Aim of the task:
Would you return, word for word, the lines of the data below from the line with "Kommoden - Höffner" through the line with "hihatgrooves 128bpm", and no others?

Data for this task:

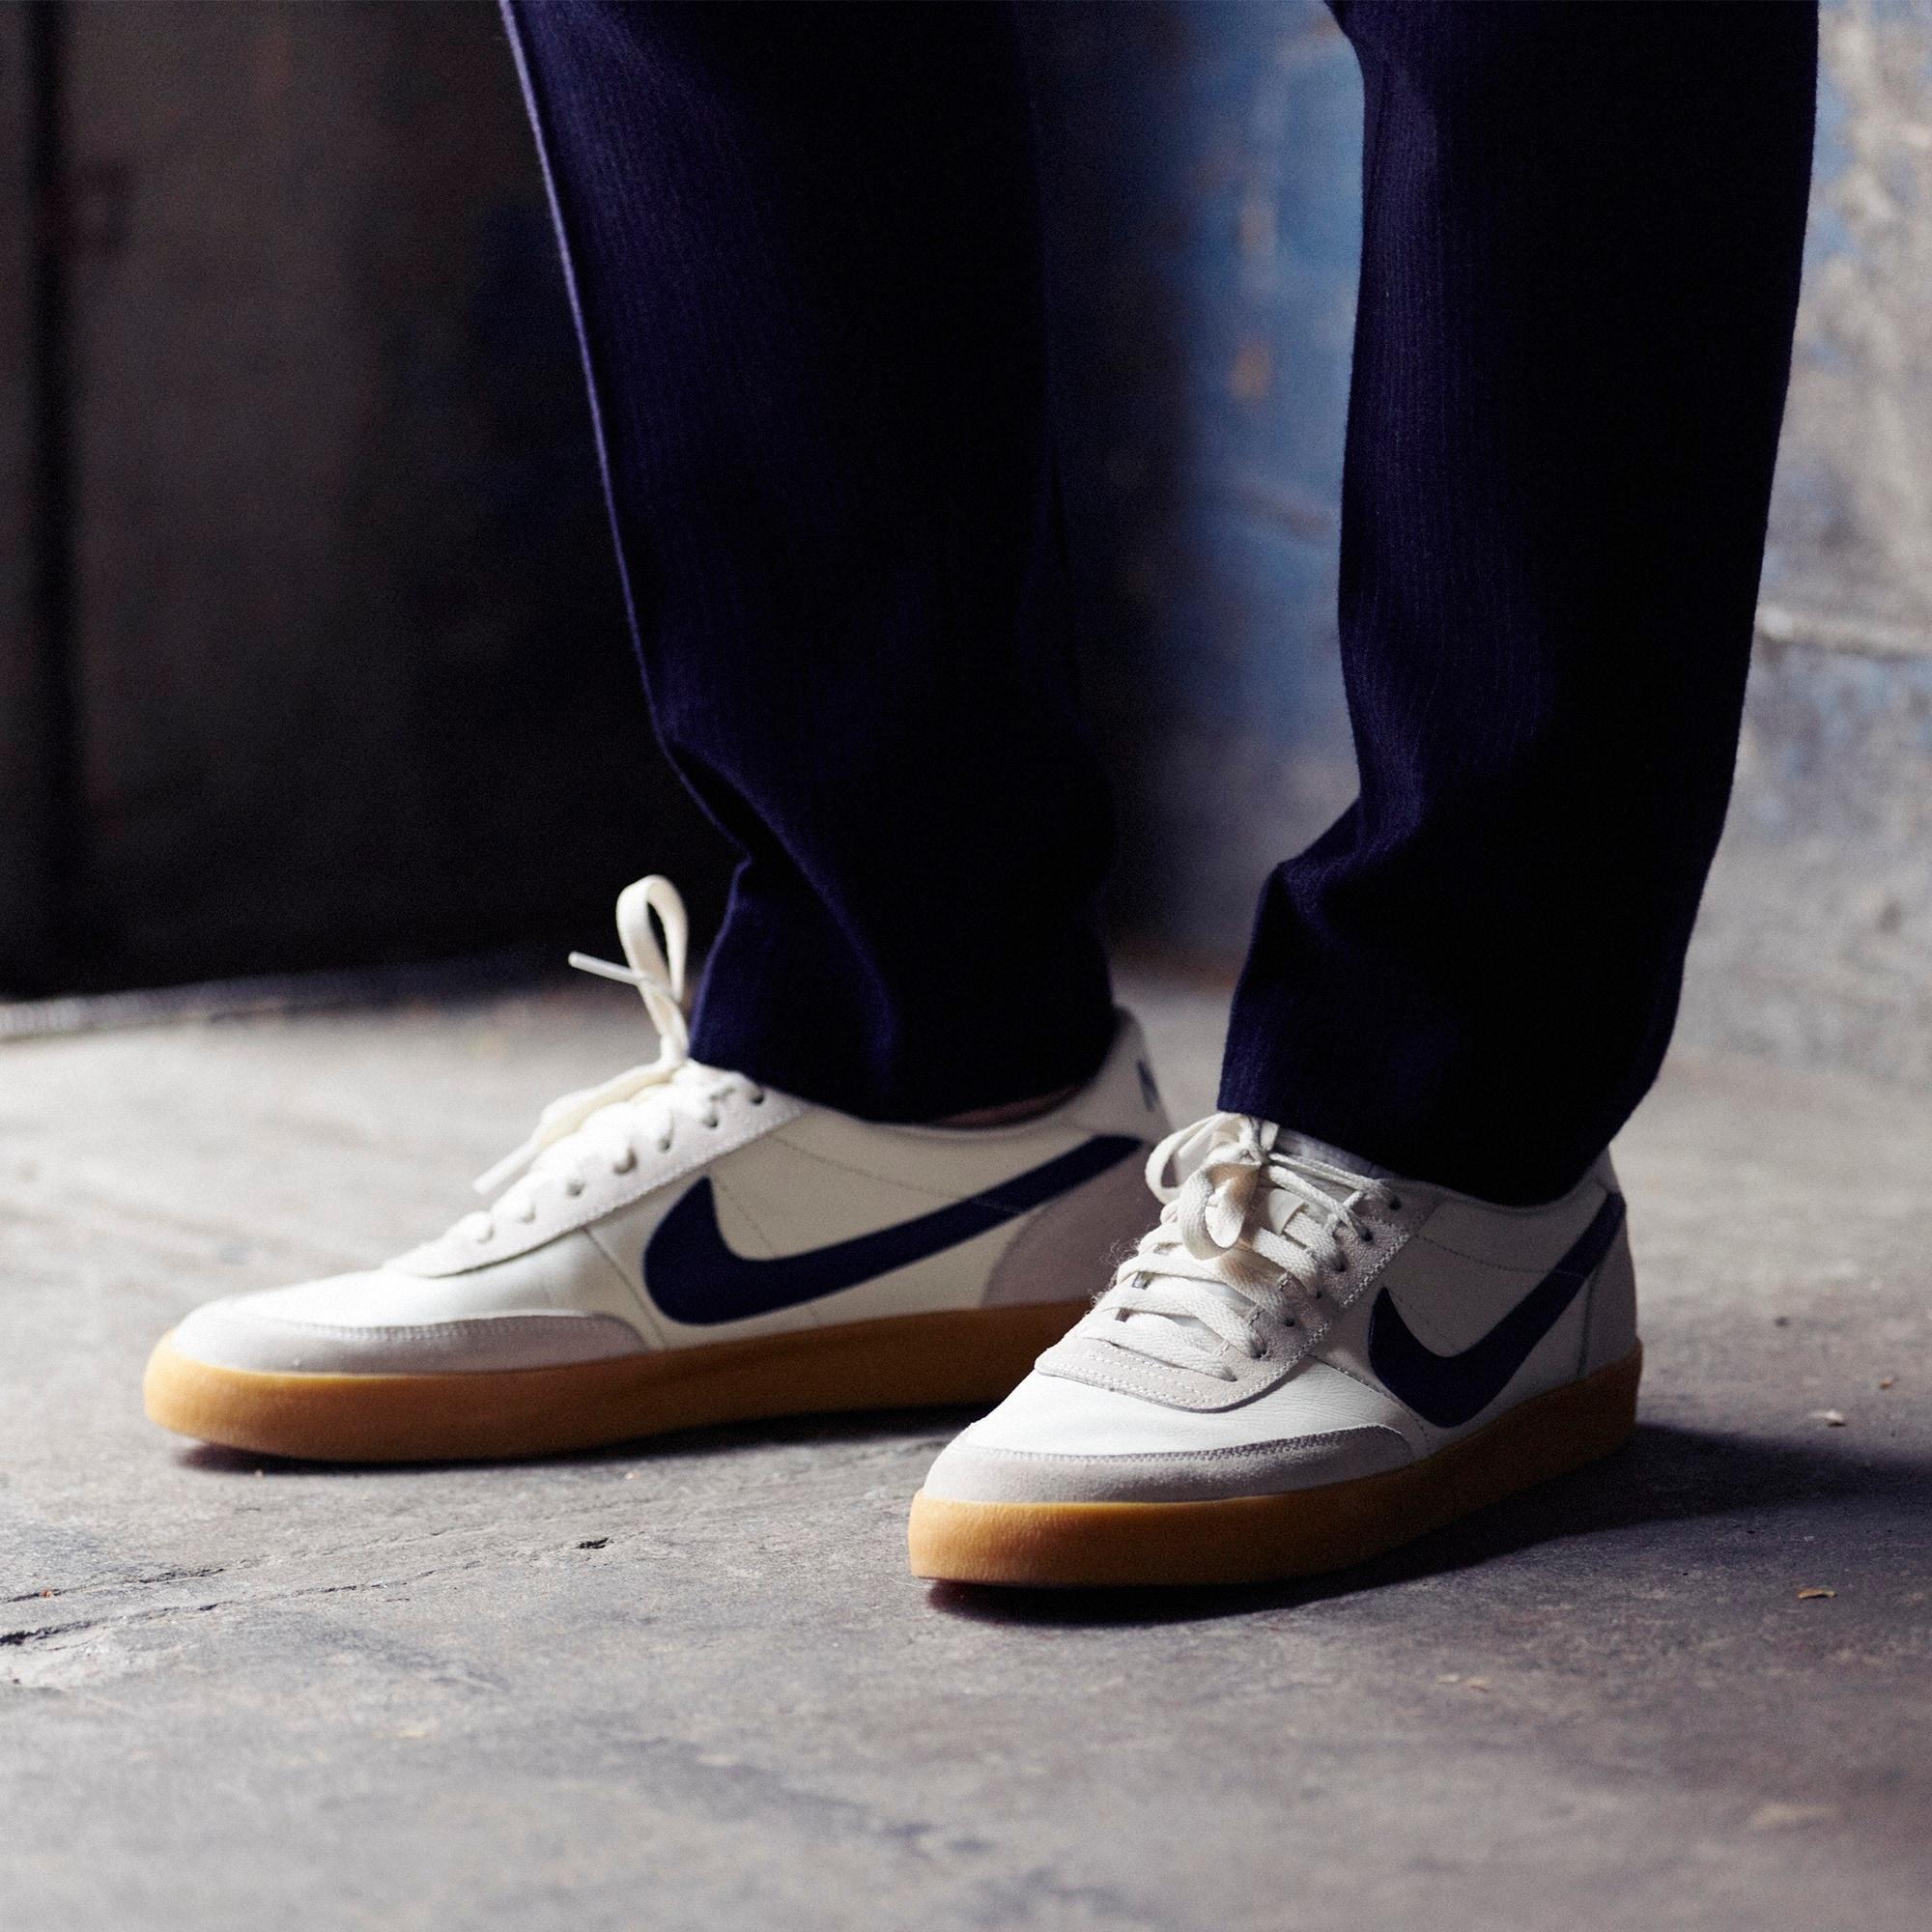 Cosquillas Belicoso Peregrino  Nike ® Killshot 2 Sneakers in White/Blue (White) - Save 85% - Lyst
==
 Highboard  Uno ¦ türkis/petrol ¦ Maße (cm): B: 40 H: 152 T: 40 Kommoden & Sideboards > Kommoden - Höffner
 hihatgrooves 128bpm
==
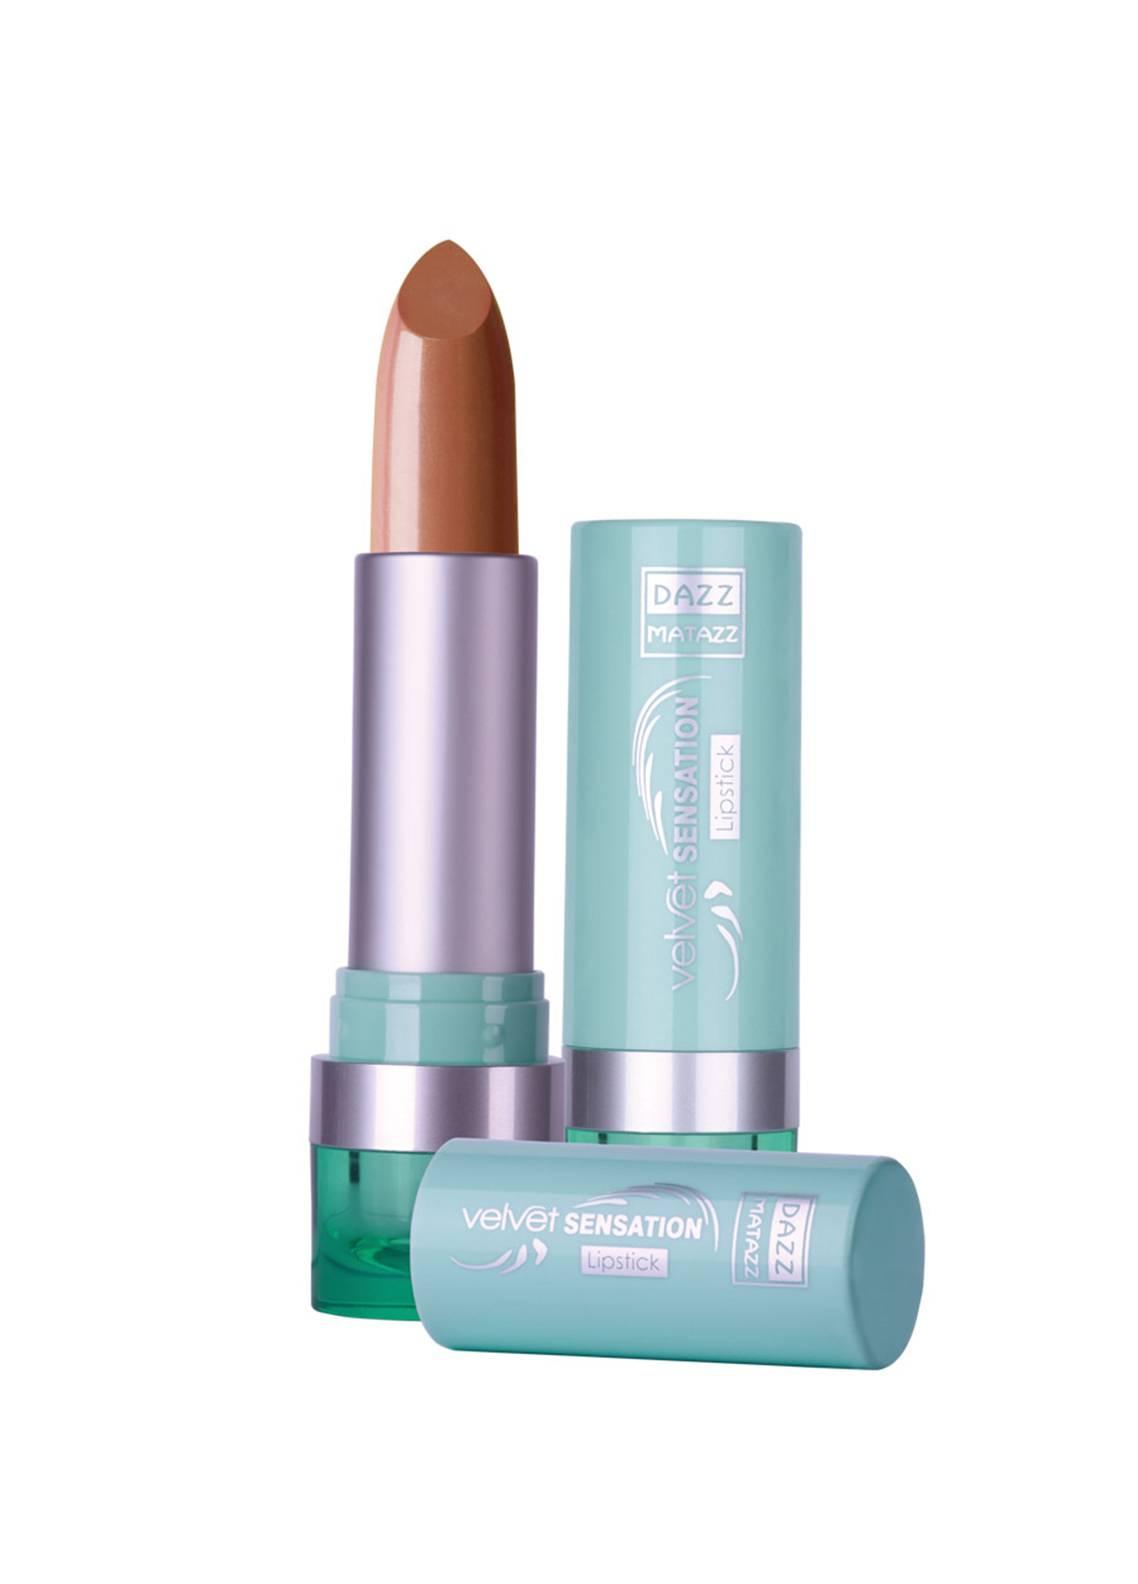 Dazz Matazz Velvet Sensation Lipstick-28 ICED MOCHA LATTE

Result:
 Highboard  Uno ¦ türkis/petrol ¦ Maße (cm): B: 40 H: 152 T: 40 Kommoden & Sideboards > Kommoden - Höffner
 hihatgrooves 128bpm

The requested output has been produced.